Перекрестки
Шрифт:
Проводив глазами отца, умчавшегося прочь по Пирсиг, Перри, гонимый тревогой, отложил покупку прочих подарков и направился прямиком в резиденцию Котреллов побеседовать с Ларри. Если у матери Ларри есть лишь подозрения и она поделится ими с преподобным, Перри от всего отопрется. Его беспокоило, что Ларри слабак. Если он выдал Перри (хоть и клялся, что не выдавал), отпираться будет бессмысленно.

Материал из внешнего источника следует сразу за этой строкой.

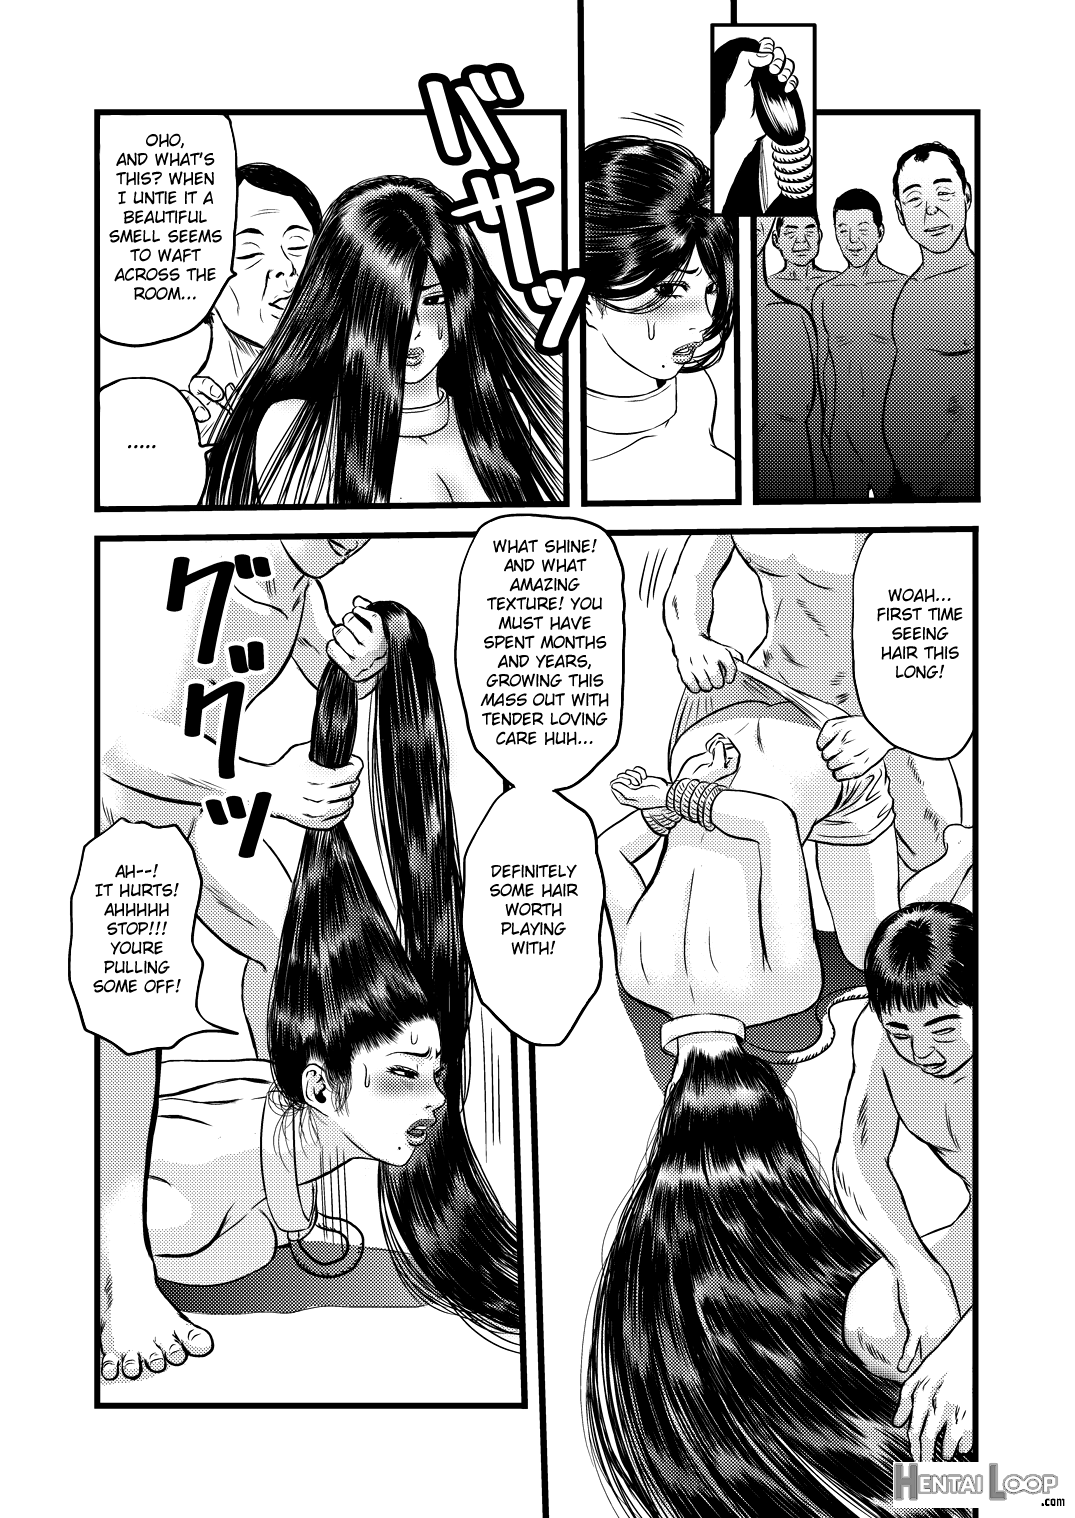 Our Married Sex Slave: Final. page 6

Ларри мог бы стать наглядным доказательством утверждения Бекки, что Перри всех использует. Какое-то время Перри избегал его на собраниях “Перекрестков” и изобретательно уклонялся от его приглашений потусоваться. Ларри был сопляк, новичок, пискля, следовательно, почти бесполезен для Перри в его стремлении пробраться в ближний круг “Перекрестков”. Но и прямо отвергнуть Ларри он тоже не мог, не нарушив правила группы. Как-то раз после школы Ларри увязался за Перри и Анселем Родером, когда они шли домой к Родеру.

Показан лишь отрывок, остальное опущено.